Reconozco que ésta es una aseveración sumamente seria, en especial cuando consideramos que todas las otras orga­nizaciones religiosas profesan tener una autoridad similar. Y varias de esas organizaciones han existido por muchos más años que nuestra iglesia. ¿Cómo podemos afirmar que poseemos la autoridad total de nuestro Padre Celestial cuando hay otros que pueden conectar sus raíces eclesiásti­cas a través de la Edad Media hasta la época de Cristo mismo? En efecto, La Iglesia de Jesucristo de los Santos de los Últimos Días enseña que la autoridad completa de Dios desapareció de la tierra durante siglos, después del minis­terio personal de Jesucristo y Sus Apóstoles, y que no fue restaurada en su plenitud sino hasta que se le confirió a un profeta llamado José Smith por medio de una maravillosa manifestación en el siglo diecinueve.

Más adelante nos referiremos con mayores detalles a la restauración del evangelio, pero antes debemos considerar la pregunta más fundamental: ¿Era necesario que se restau­rara la autoridad de Dios? Por supuesto que si la Iglesia que El organizó y la correspondiente autoridad sacerdotal hubiera prevalecido a través de los siglos, entonces las ase­veraciones de José Smith no tendrían base alguna.

Muchas personas se sorprenden al saber que, en efecto, Jesucristo organizó una iglesia durante su relativamente breve vida terrenal. Pero las Escrituras presentan evidencias abundantes y muy claras al respecto. El Nuevo Testamento nos dice que el Señor organizó un consejo de doce apóstoles. Poniendo Sus manos sobre la cabeza de cada uno de ellos, les confirió la autoridad para actuar en Su nombre.
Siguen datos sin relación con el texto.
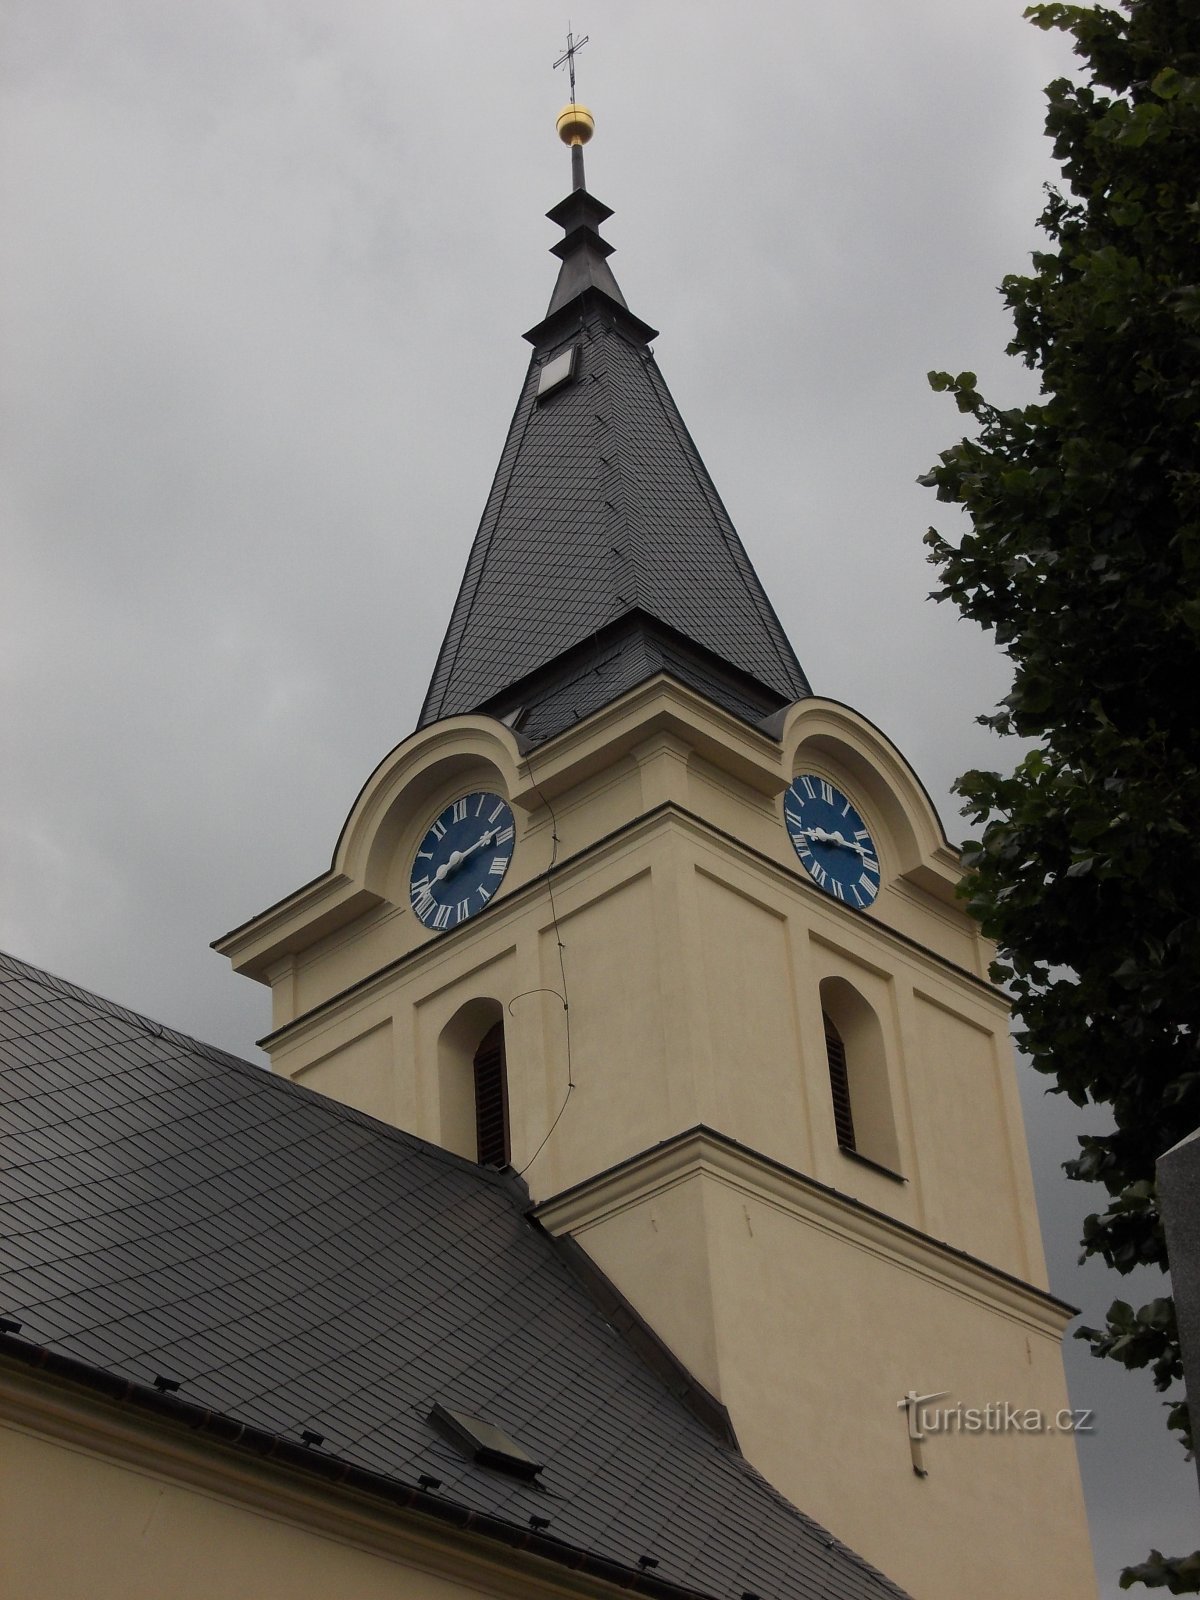 torre de igreja com relógio

El após­tol Pablo enseñó que Cristo “constituyó a unos, apóstoles; a otros, profetas; a otros, evangelistas; a otros, pastores y ma­estros,

“a fin de perfeccionar a los santos para la obra del mi­nisterio, para la edificación del cuerpo de Cristo,

“hasta que todos lleguemos a la unidad de la fe y del conocimiento del Hijo de Dios, a un varón perfecto, a la medida de la estatura de la plenitud de Cristo;

“para que ya no seamos niños fluctuantes, llevados por doquiera de todo viento de doctrina, por estratagema de hombres que para engañar emplean con astucia las arti­mañas del error” (Efesios 4:11-14).
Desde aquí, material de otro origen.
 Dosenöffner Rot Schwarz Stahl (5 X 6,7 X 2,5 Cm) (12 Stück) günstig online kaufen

Se ha aceptado comúnmente que, después de la muerte, resurrección y ascensión de Cristo, Pedro pasó a ser el prin­cipal de los apóstoles o presidente de la Iglesia del Señor. Esta no era tarea fácil en aquellos días. Además de tener que someterse a las exigencias de la persecución y a las vicisi­tudes que padecían los primeros cristianos, Pedro y sus her­manos en la fe debieron luchar con denuedo para mantener unida a la Iglesia y preservar la pureza de la doctrina. Via­jaban extensamente y se comunicaban a menudo por escrito acerca de los problemas que debían enfrentar. Pero dicha comunicación era tan lenta, sus viajes eran tan penosos y la Iglesia y sus enseñanzas eran algo tan nuevo, que resultó difícil contrarrestar las doctrinas e instrucciones falsas antes de que se arraigaran con solidez.

“Estoy maravillado de que tan pronto os hayáis alejado del que os llamó por la gracia de Cristo, para seguir un evan­gelio diferente,” escribió Pablo a las iglesias de Galacia. “No es que haya otro, sino que hay algunos que os perturban y quieren pervertir el evangelio de Cristo.

“Mas si aun nosotros, o un ángel del cielo, os anunciare otro evangelio diferente del que os hemos anunciado, sea anatema.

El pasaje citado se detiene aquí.